All of the records should be given again exactly as they appear.

- - - - -

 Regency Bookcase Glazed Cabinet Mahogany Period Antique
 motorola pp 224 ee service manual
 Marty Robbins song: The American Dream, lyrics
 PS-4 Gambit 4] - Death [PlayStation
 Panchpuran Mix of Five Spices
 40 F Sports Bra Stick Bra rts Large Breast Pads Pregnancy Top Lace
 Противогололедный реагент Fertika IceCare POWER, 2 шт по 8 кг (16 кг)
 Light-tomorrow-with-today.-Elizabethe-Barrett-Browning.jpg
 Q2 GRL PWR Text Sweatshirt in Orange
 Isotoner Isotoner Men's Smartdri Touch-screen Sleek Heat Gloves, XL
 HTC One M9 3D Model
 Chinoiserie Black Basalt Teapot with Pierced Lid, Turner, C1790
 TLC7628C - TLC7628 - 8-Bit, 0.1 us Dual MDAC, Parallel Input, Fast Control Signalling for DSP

- - - - -

__SOLUTION__.
 Regency Bookcase Glazed Cabinet Mahogany Period Antique
 motorola pp 224 ee service manual
 Marty Robbins song: The American Dream, lyrics
 PS-4 Gambit 4] - Death [PlayStation
 Panchpuran Mix of Five Spices
 40 F Sports Bra Stick Bra rts Large Breast Pads Pregnancy Top Lace
 Противогололедный реагент Fertika IceCare POWER, 2 шт по 8 кг (16 кг)
 Light-tomorrow-with-today.-Elizabethe-Barrett-Browning.jpg
 Q2 GRL PWR Text Sweatshirt in Orange
 Isotoner Isotoner Men's Smartdri Touch-screen Sleek Heat Gloves, XL
 HTC One M9 3D Model
 Chinoiserie Black Basalt Teapot with Pierced Lid, Turner, C1790
 TLC7628C - TLC7628 - 8-Bit, 0.1 us Dual MDAC, Parallel Input, Fast Control Signalling for DSP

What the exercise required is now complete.